AVAILABLE DATA:

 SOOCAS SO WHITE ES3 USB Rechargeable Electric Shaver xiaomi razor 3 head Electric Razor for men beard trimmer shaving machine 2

==

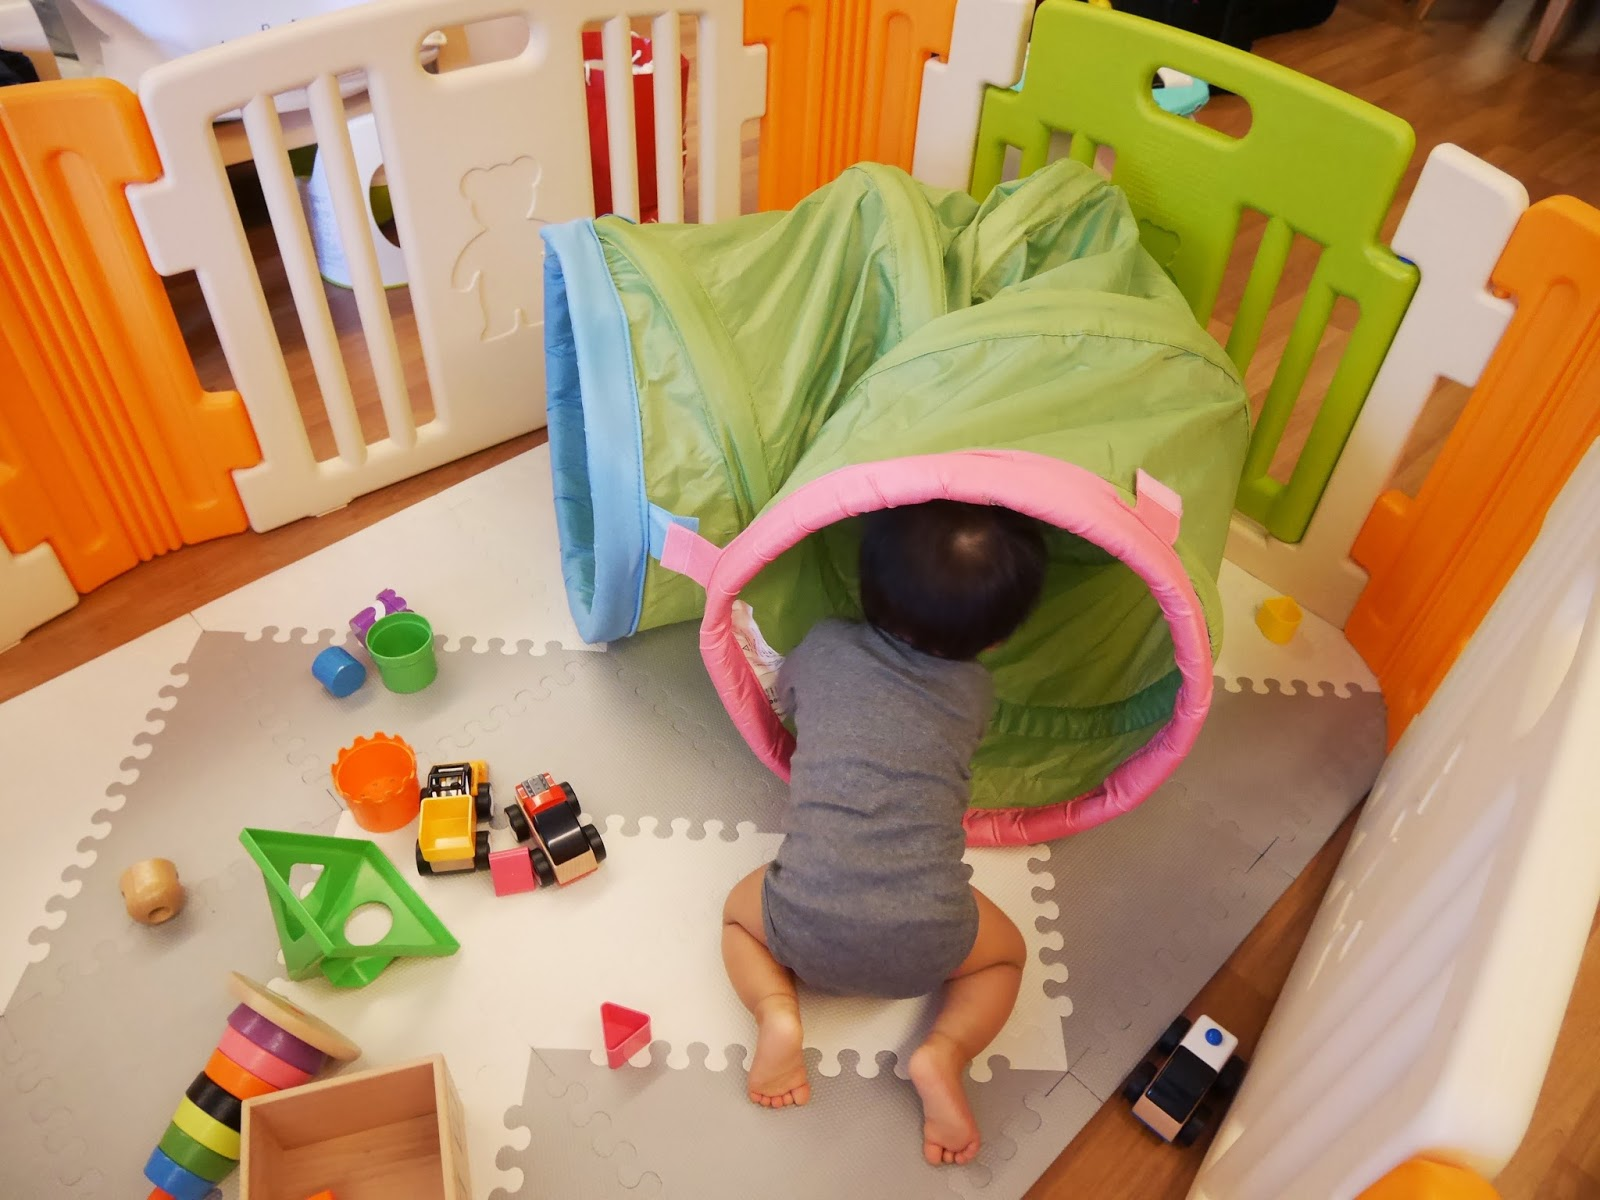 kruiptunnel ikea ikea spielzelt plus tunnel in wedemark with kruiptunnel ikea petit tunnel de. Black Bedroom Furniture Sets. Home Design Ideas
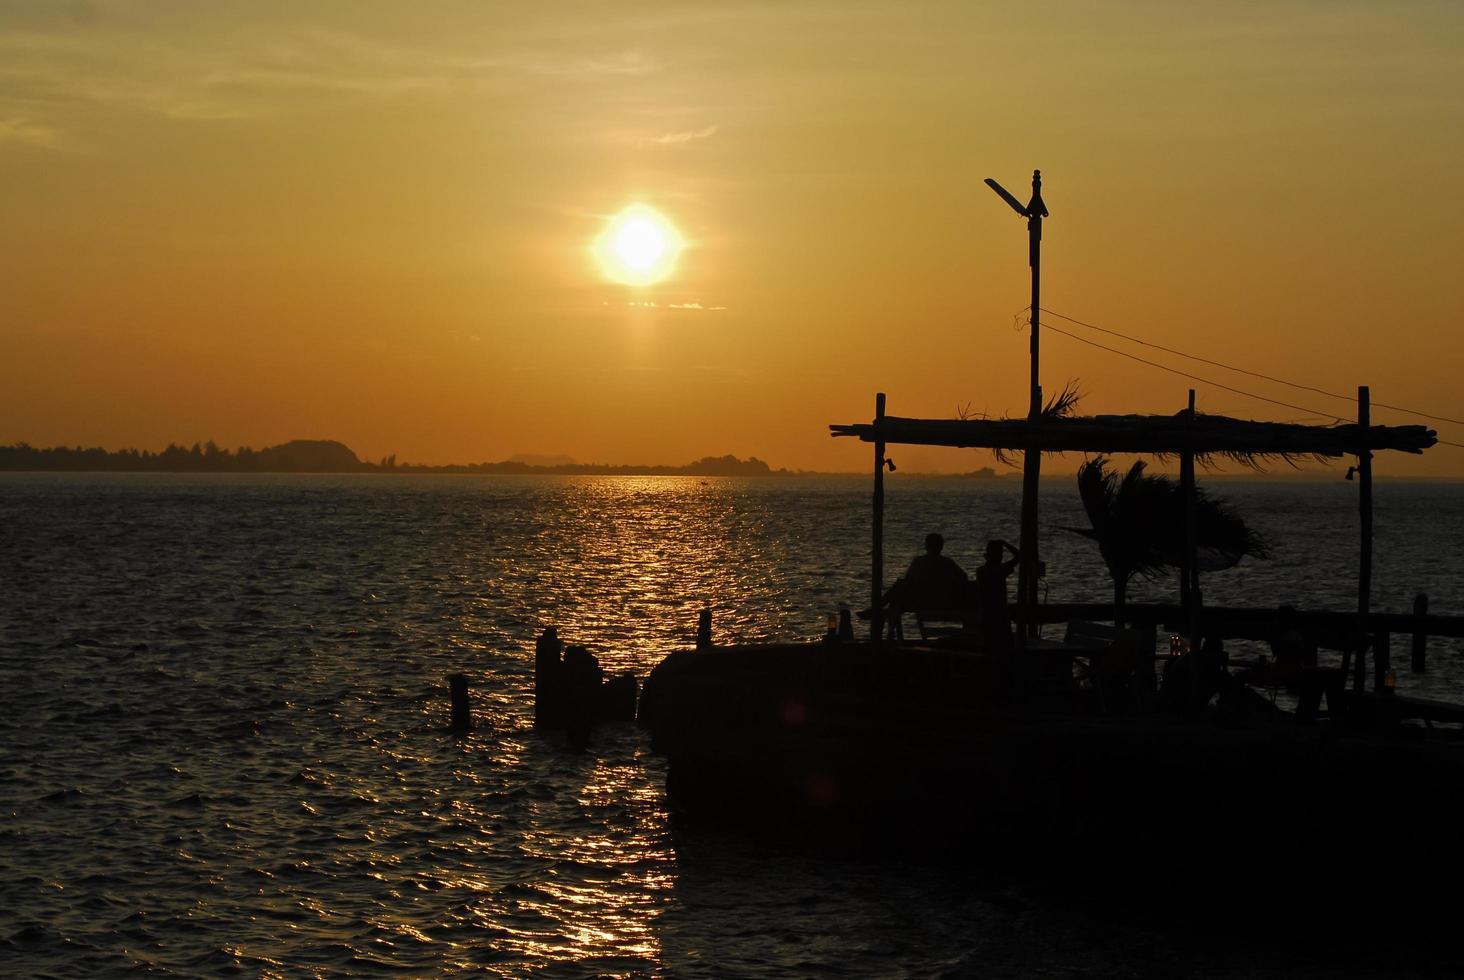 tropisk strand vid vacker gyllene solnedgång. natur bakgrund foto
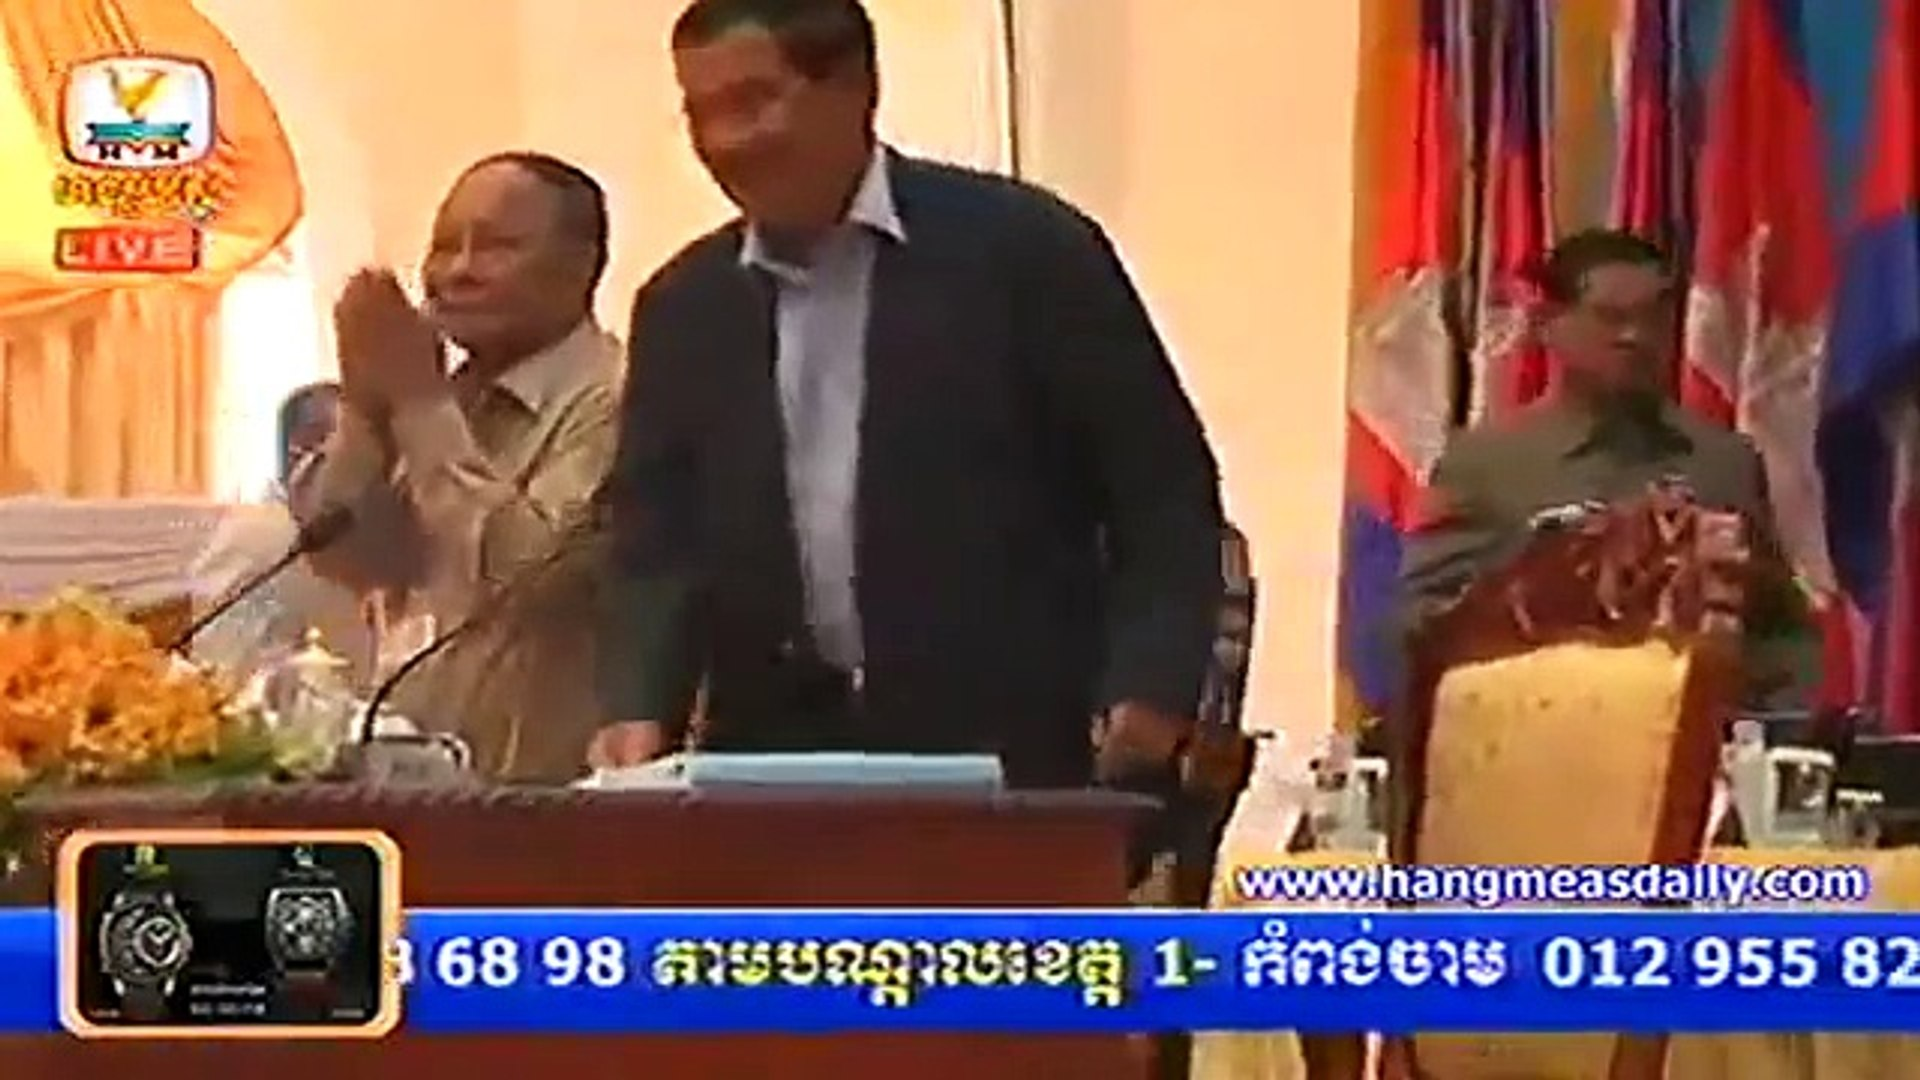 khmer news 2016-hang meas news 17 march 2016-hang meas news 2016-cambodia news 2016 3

EXERCISE REQUIREMENTS:
Exact copy, pictures excluded: from the line with "tropisk strand vid" up to and including the line with "khmer news 2016-hang" in the data above.

EXERCISE SOLUTION:
 tropisk strand vid vacker gyllene solnedgång. natur bakgrund foto
 khmer news 2016-hang meas news 17 march 2016-hang meas news 2016-cambodia news 2016 3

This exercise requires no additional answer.